\( 8 v^{2}-21 v-9=0 \) \( 8 v^{2}-\square v+\square v-9=0 \) \( 8 v(v-\square)+3(v-\square=0 \) \( \left(8 v^{2}-\square v\right)+(\square v-9)=0 \) \( 8 v(v-\square)+(v-\square)=0 \) \( (3 v+\square)(v-\square)=0 \) \( 8 v+\square=0 \) or \( v-\square=0 \) \( 8 v=\square \) by \( \quad \square=\square \) \( v=\frac{\square}{8} \) or \( v=\square \)

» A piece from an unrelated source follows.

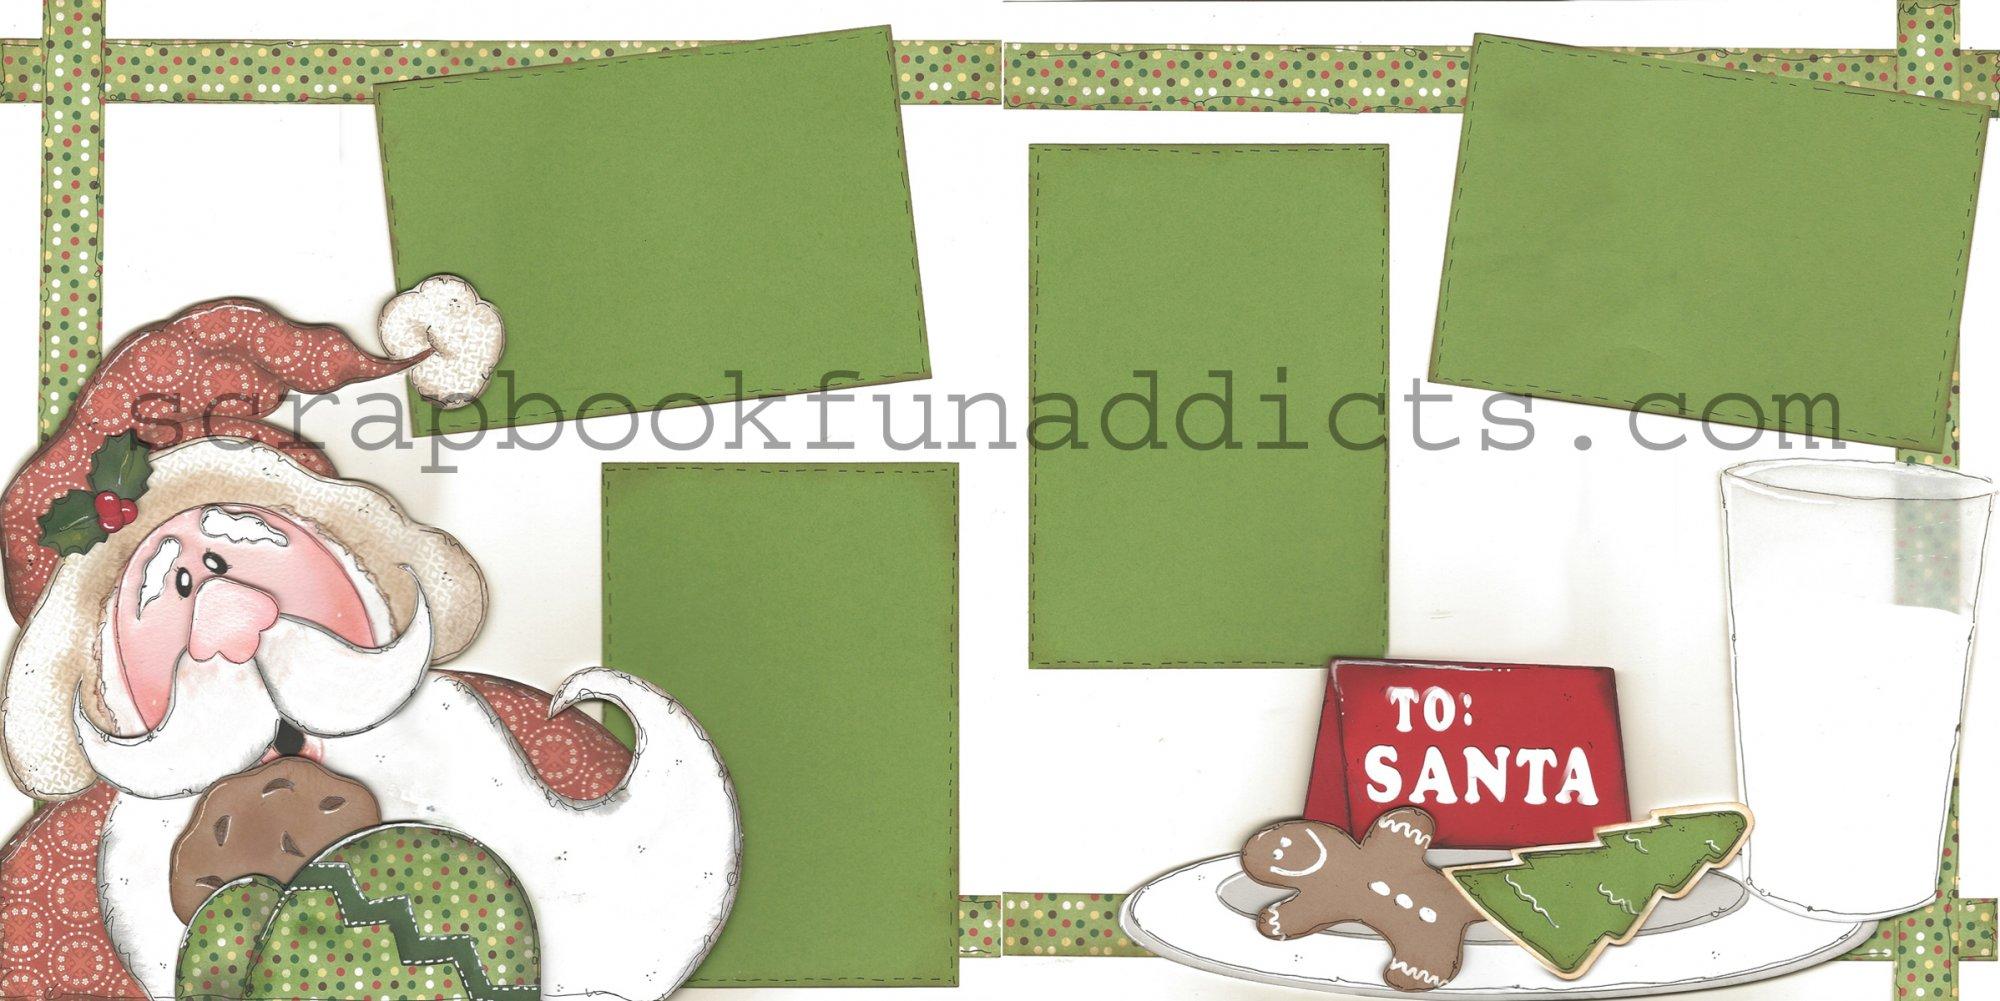 #362 Santa's Cookies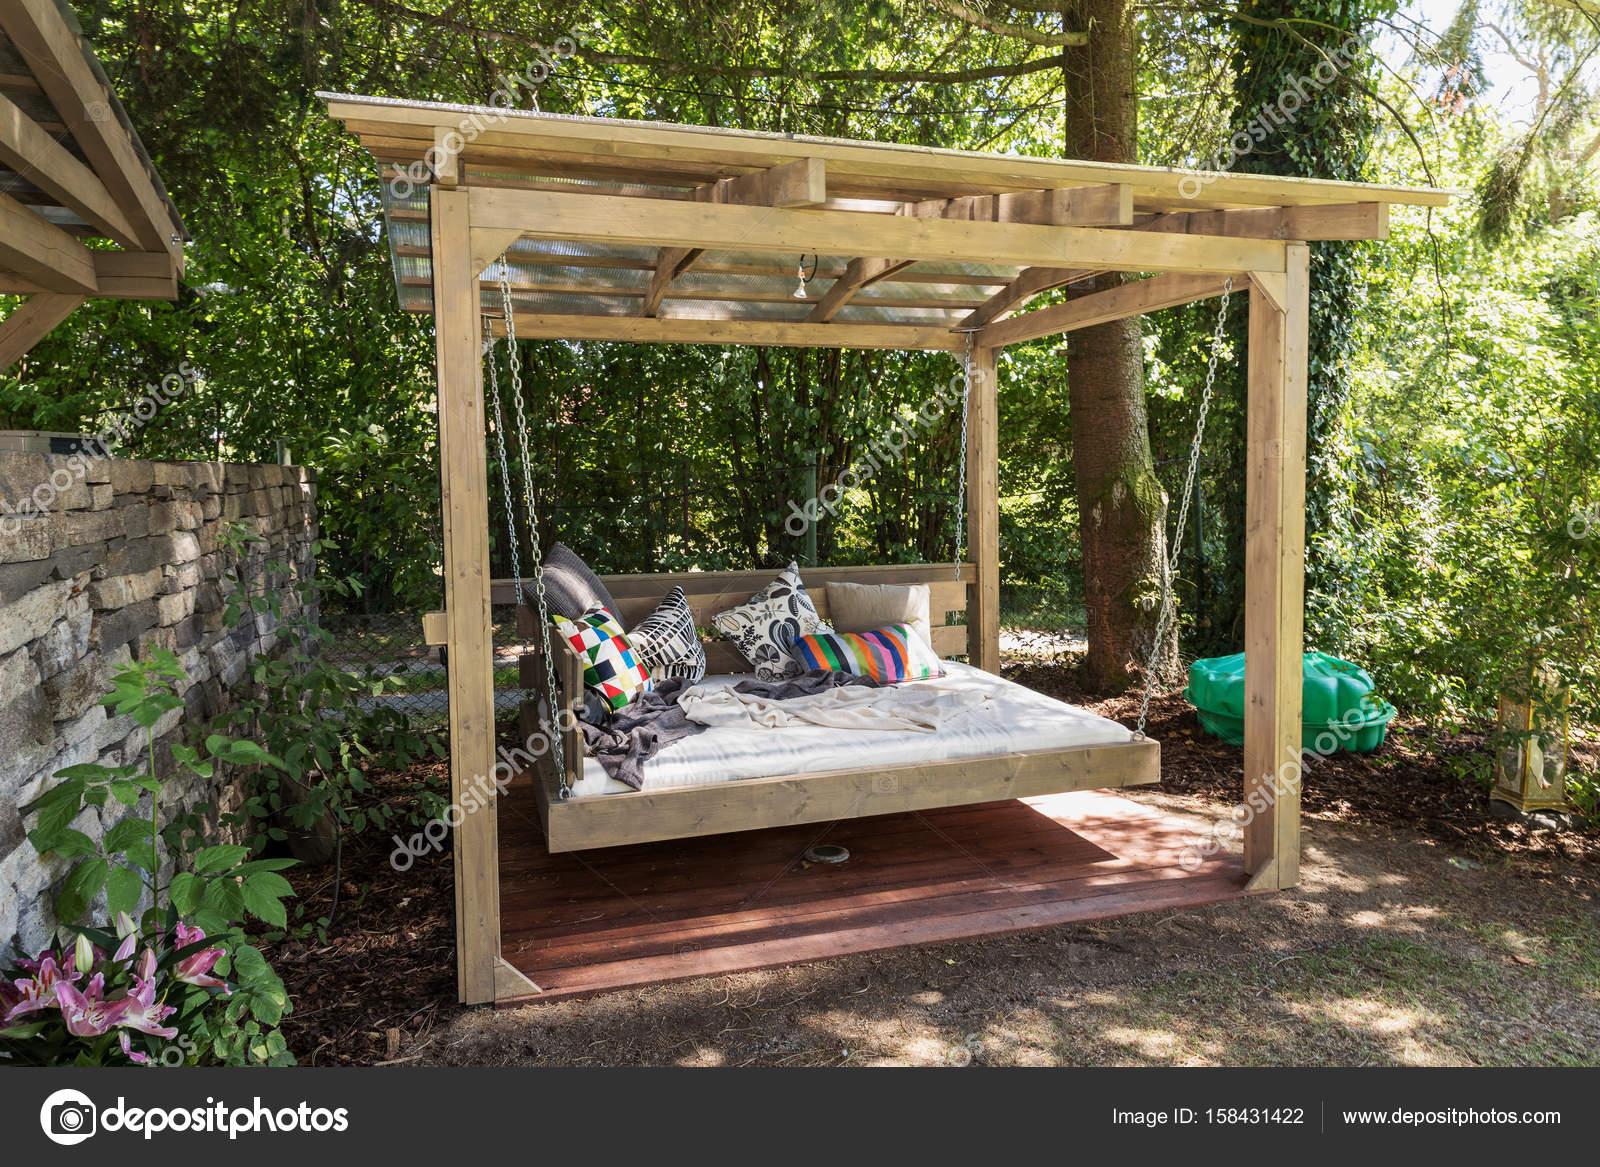 rocking bed pergola. garten-bett mit kissen — stockfoto © nadak2

To solve the quadratic equation \( 8v^2 - 21v - 9 = 0 \), you can factor the expression. A good starting point is finding two numbers that multiply to \( 8 \times -9 = -72 \) and add to \(-21\). Those numbers are \(-24\) and \(3\). This allows you to rewrite the equation as \( 8v^2 - 24v + 3v - 9 = 0 \). From there, group and factor the equation to reach the factored form. Ultimately, you'd find the roots using the zero-product property, which leads to solving for \( v \) in both cases derived from your factors. Using the quadratic formula is a real-world application of this problem, especially in physics. For instance, if you're calculating the trajectory of a thrown object, quadratic equations help you determine the object's height at various points in time, which can result in predicting its landing spot or optimizing angles for maximum distance.